If you say something insensitive and suddenly realize it don’t try to backpedal or apologize, just smile and we’ll both pretend it never happened.
If I am fine one minute and the next you notice my eyes filling up with tears, keep doing what you are doing. Sometimes the attention is more painful than the memory that made me cry.
You may be grieving with me, but I beg you please don’t tell me what I am experiencing! Telling me that it must be so hard to deal with this certain thing, or that I must miss him so much at this certain time may be helping you, but I don’t really need any help being depressed. It makes me feel very self-conscious and awkward; a conversation about missing a loved one who has died needs to come about naturally. So instead of telling me what I must be feeling tell me how you are feeling, how you miss him or how you have been affected, and then I can reciprocate and it won’t be weird.
In reality, the worst thing that you could say is nothing at all. No matter how hard it is to express yourself to someone who is hurting, completely ignoring what has happened or avoiding the person it happened to is very hurtful, especially if this is someone who you have been or are relatively close to. Not acknowledging a deep loss will only add to it; yes It is hard to know what to say, but guess what? Nothing about this is easy for me either.
That being said, I would like to take a moment to thank every person who sent a message, note, letter or gift, everyone who called or sent emails. I am so blessed and was touched by the outpouring of love and support, and even though I couldn’t respond to each one I am truly thankful to have such an amazing family and sympathetic friends.

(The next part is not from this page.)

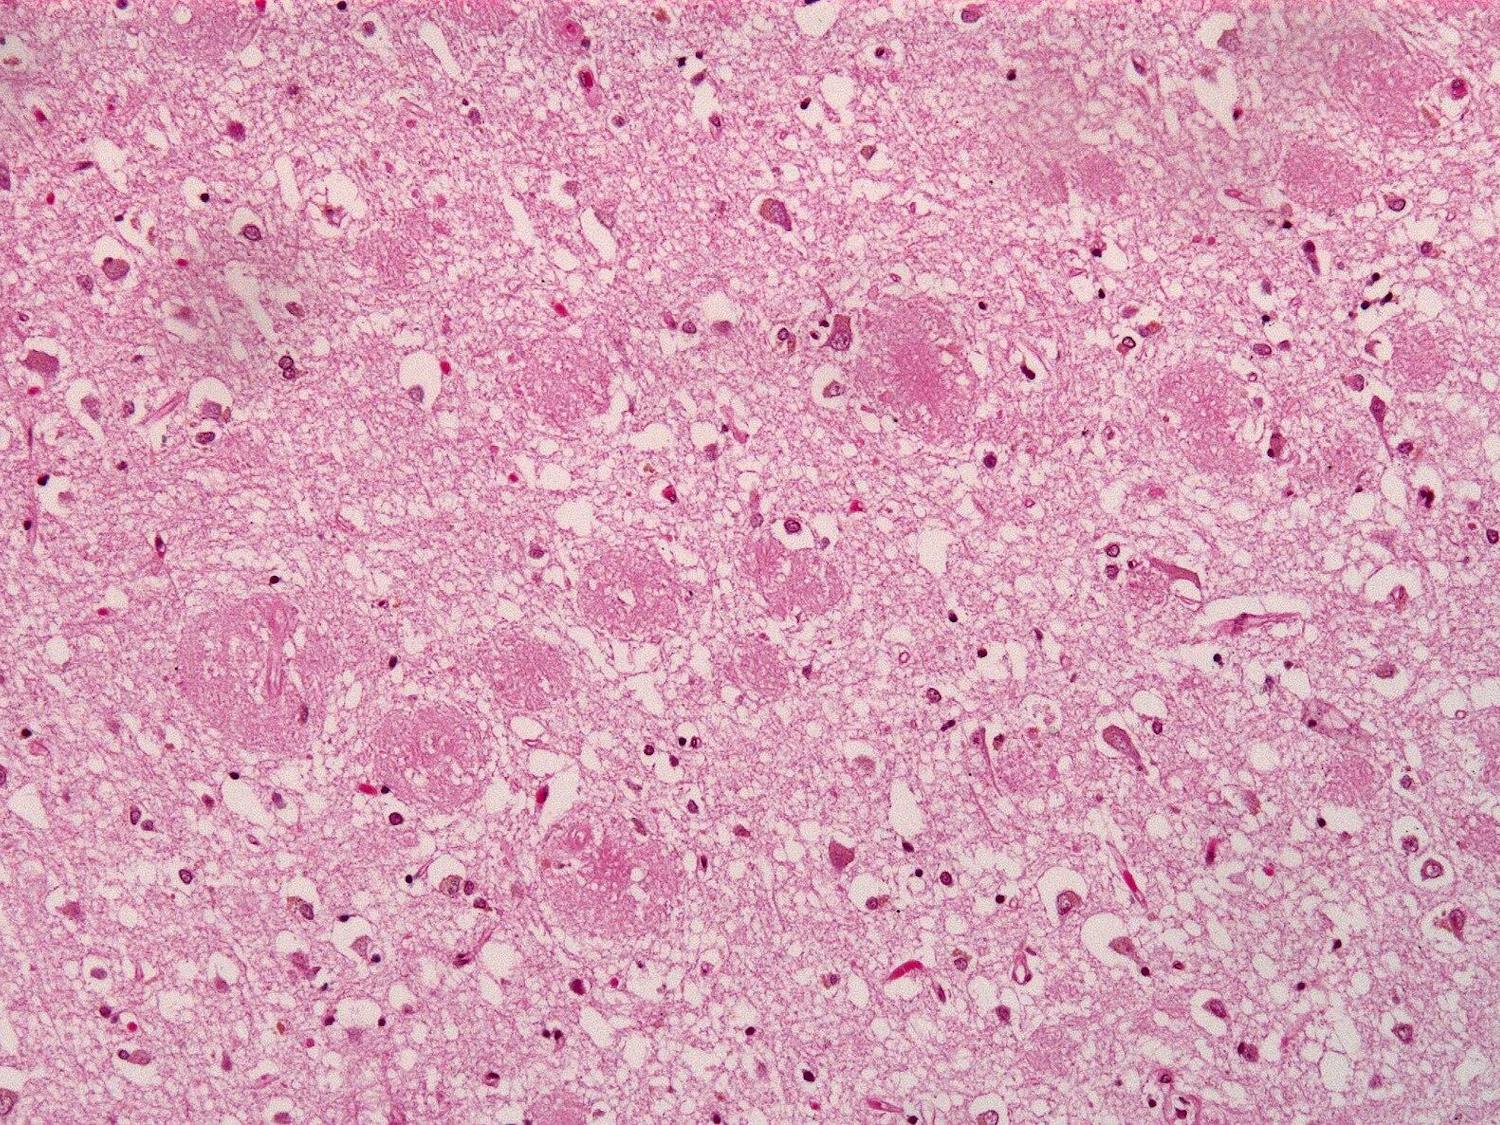 amyloid plaques.jpeg

This can’t be fixed, nor can I, but that’s OK. This experience is not a one time event - I carry it and my sweet Miguel with me in my heart every day and I don’t want that to change. You may want to, but I don’t need you to take the hurt away. Losing the sorrow would be losing him completely and that would be infinitely worse. I am so thankful that you love me and that you mourn with me, but you can’t make it better and I don’t expect you to. Just be to me who you have always been, because your presence in my life is a blessing and more than enough.